5. The laser annealing apparatus as claimed in claim 4, wherein the
film structure data set comprises data on a film number, materials,
design thicknesses, refractive indices, and extinction coefficients
of the constituent films.
6. The laser annealing apparatus as claimed in claim 4, wherein the
outgoing light comprises reflection of illumination light for
observation reflected at the semiconductor thin film.
7. The laser annealing apparatus as claimed in claim 4, wherein the
observation implementor is configured to concurrently irradiate
illumination light for observation on the treating region set and
the non-treating region set, to detect the first spectral spectrum
measurement value set and the second spectral spectrum measurement
value set as sets of two-dimensional planar data to be
correspondent to sets of coordinates of substrate positions of the
non-treating region set and the treating region set where the first
spectral spectrum measurement value set and the second spectral
spectrum measurement value set are measured, respectively, and the
control implementor is configured to implement, to the laser
annealing treatment implementor, the control set of adjusting the
laser energy set of laser light to be irradiated from the laser
annealing treatment implementor to a set of treating regions of the
substrate correspondent to a set of coordinates of substrate
positions of the treating region set to be laser annealed at the
subsequent time, in accordance with a set of differences between
the crystallization level set and a target crystallization level
set.
8. A laser annealing method comprising: a laser annealing treatment
step of irradiating laser light emitted from a laser light source
set for annealing on a treating region set of a semiconductor thin
film disposed at an uppermost layer of a lamination structure
formed on a substrate, to recrystallize the treating region set; a
step of irradiating illumination light for observation on the
treating region set and a non-treating region set residing close to
the treating region set and unexposed to the laser light, measuring
outgoing light outgoing from a surface of the substrate, to detect
a spectral spectrum data set thereof as detected, a step of
calculating a film thickness calculation value set of constituent
films of the lamination structure by a fitting between a first
spectral spectrum measurement value set obtained at the
non-treating region set from among the spectral spectrum data set
and a first spectral spectrum calculation value set computed from a
film structure data set of the lamination structure; a step of
calculating a crystallization level set of the treating region set
by a fitting between a second spectral spectrum measurement value
set obtained at the treating region set from among the spectral
spectrum data set and a second spectral spectrum calculation value
set computed from the film structure data set and the film
thickness calculation value set; and an adjustment step of
implementing, for a substrate to be laser annealed at a subsequent
time, an adjustment set of adjusting a laser energy set of laser
light to be irradiated in the laser annealing treatment step, based
on the crystallization level set.
9. The laser annealing method as claimed in claim 8, wherein the
adjustment step comprises adjusting the laser energy set of laser
light to be irradiated from the laser light source set in
accordance with a set of differences between the crystallization
level set and a target crystallization level set.

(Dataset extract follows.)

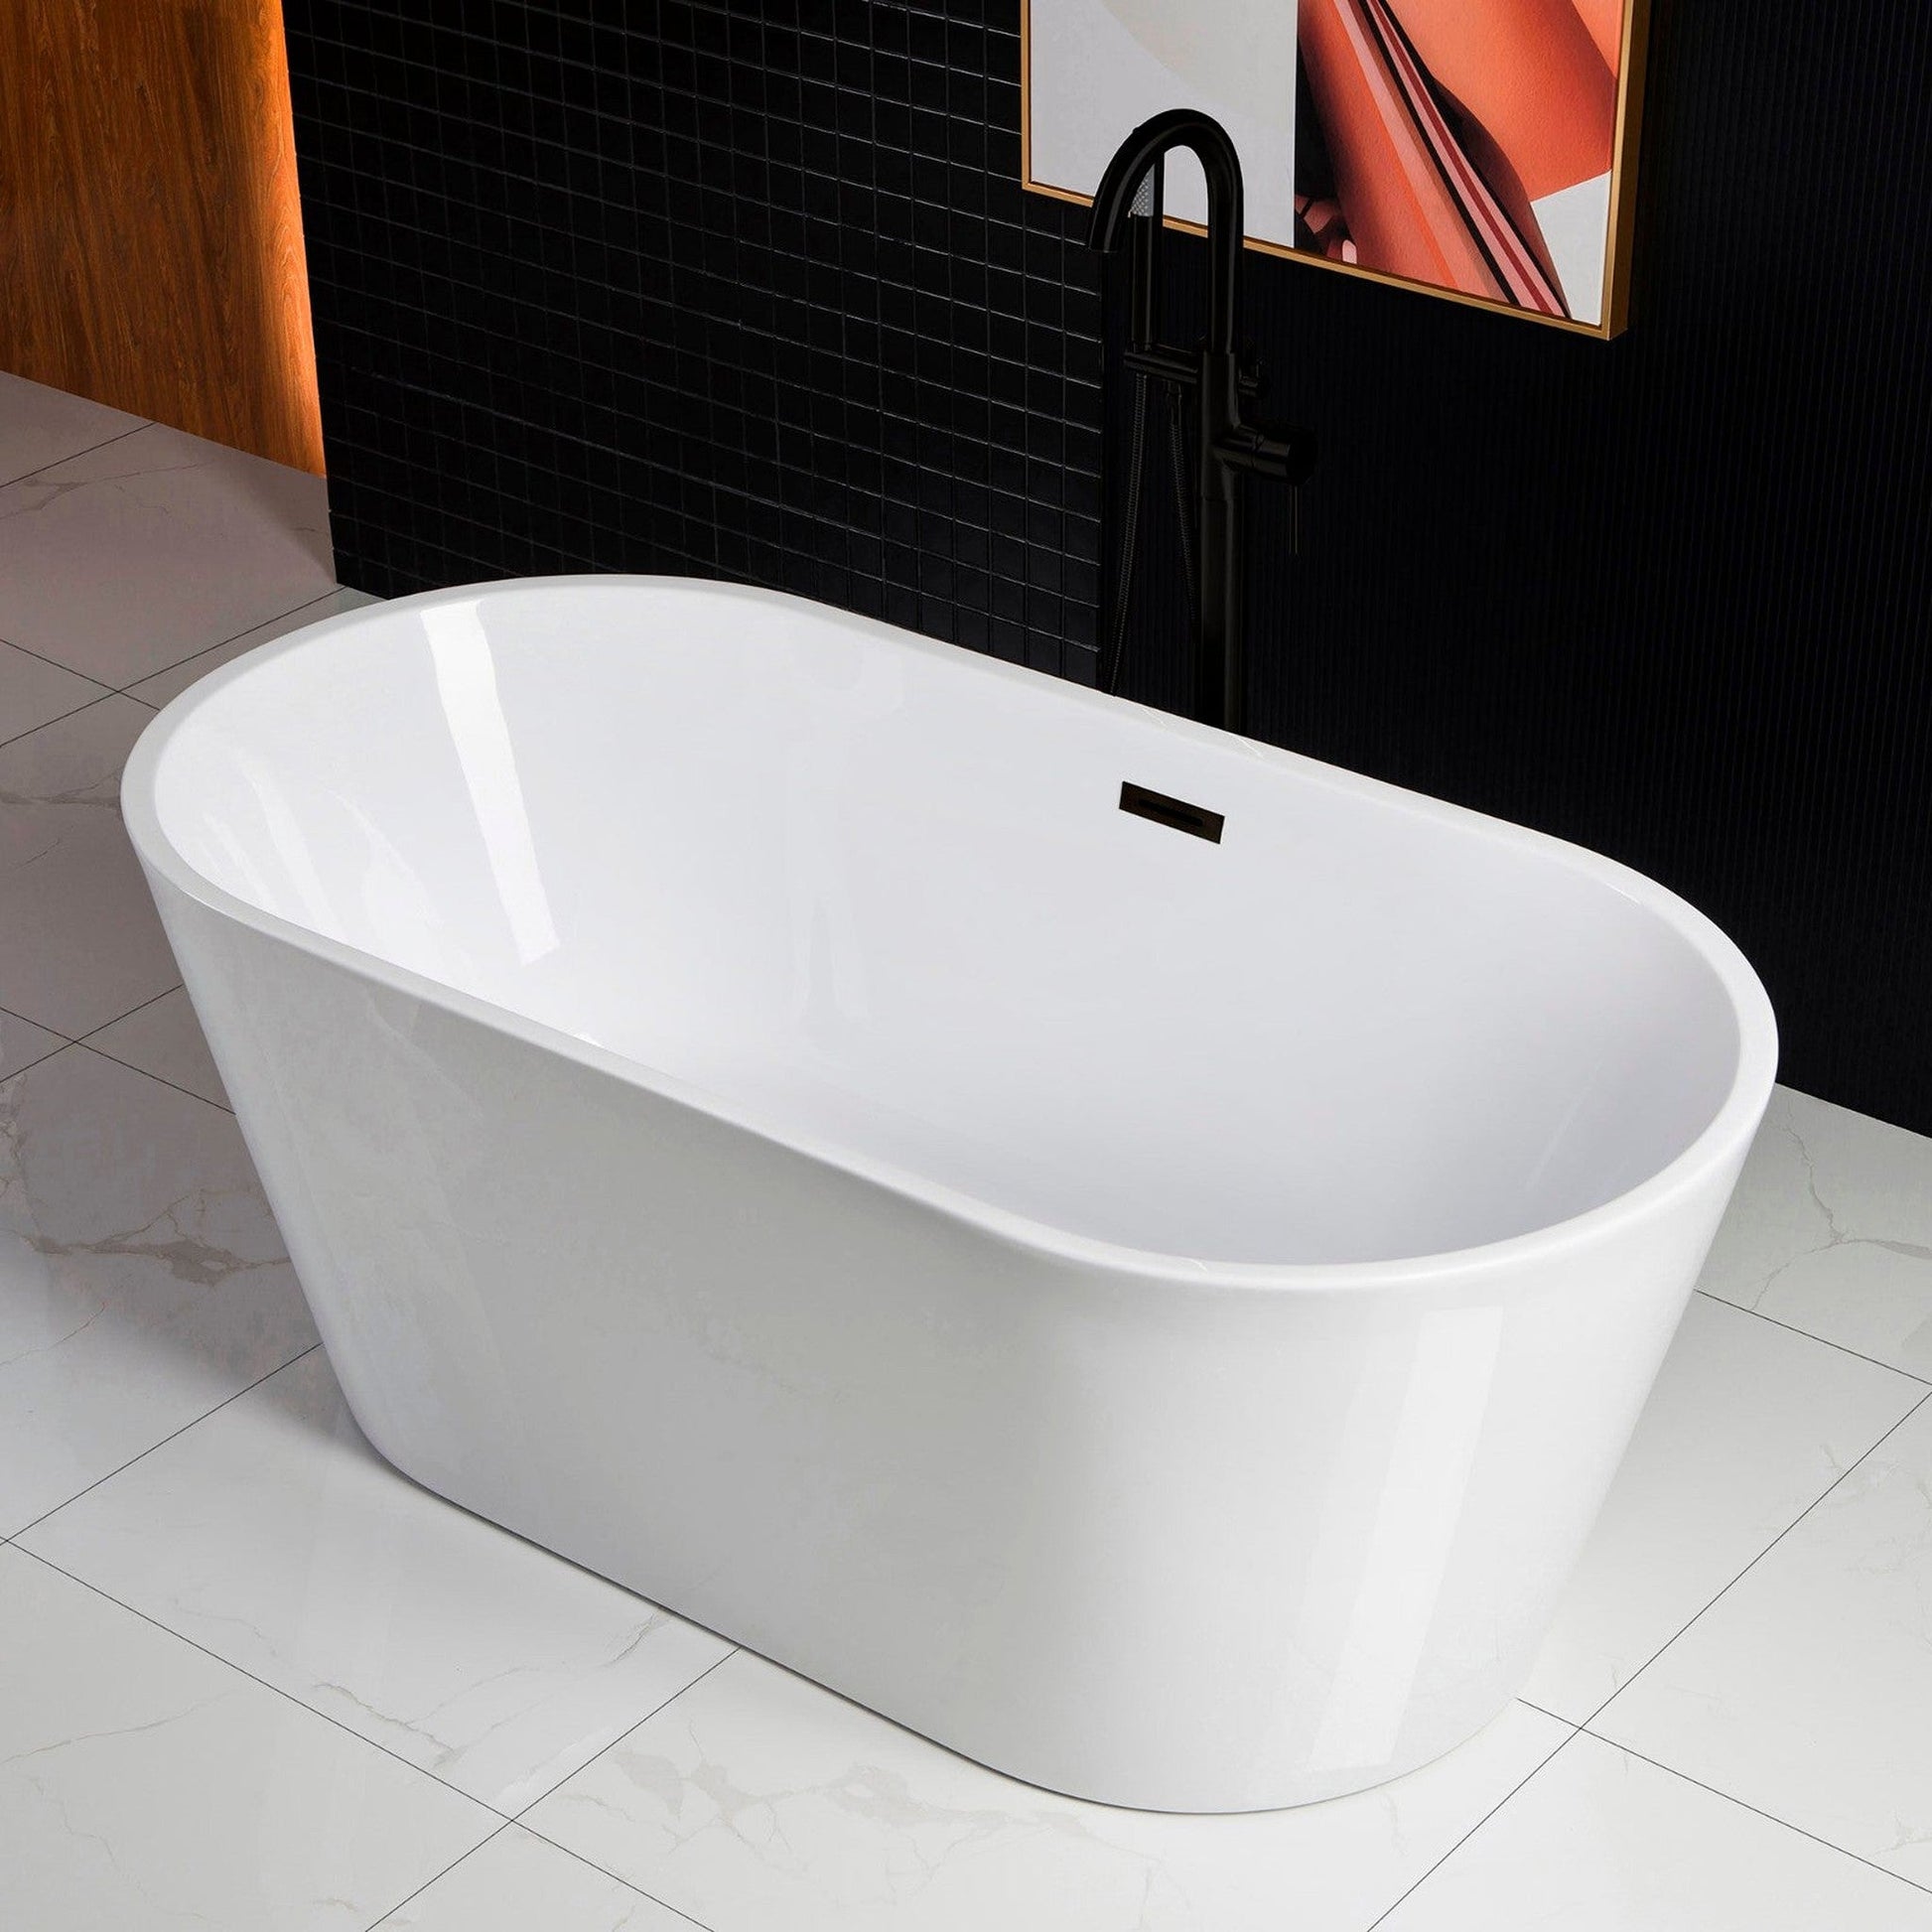 WoodBridge B0014 59" White Acrylic Freestanding Soaking Bathtub With Matte Black Drain, Overflow, F0006MBVT Tub Filler and Caddy Tray

10. The laser annealing method as claimed in claim 8, wherein
illumination light for observation is concurrently irradiated on
the treating region set and the non-treating region set, to detect
the first spectral spectrum measurement value set and the second
spectral spectrum measurement value set as sets of two-dimensional
planar data to be correspondent to sets of coordinates of substrate
positions of the non-treating region set and the treating region
set where the first spectral spectrum measurement value set and the
second spectral spectrum measurement value set are measured,
respectively, and the adjustment step comprises implementing, for
the substrate to be laser annealed at the subsequent time, the
adjustment set of adjusting the laser energy set of laser light to
be irradiated from the laser light source set to a set of treating
regions having a set of coordinates of substrate positions thereof
correspondent to the treating region set where the second spectral
spectrum measurement value set employed to calculate the
crystallization level set is obtained.
Description
FIELD OF ART
[0001] This invention relates to crystallization monitoring methods
that enable grasping electrical characteristics of laser annealed
semiconductor thin films, and laser annealing apparatuses and laser
annealing methods employing any one of those crystallization
monitoring methods.
BACKGROUND ART
[0002] Recent years have observed increased substrate sizes in
display devices, such as liquid crystal displays or organic EL
displays, requiring performances of thin film transistors (each
referred herein to as a TFT) as driving elements to be higher. As
TFT channel layers, there has been used polysilicon having high
electron mobility, rather than amorphous silicon. For production of
such polysilicon, there has been employed a laser annealing method.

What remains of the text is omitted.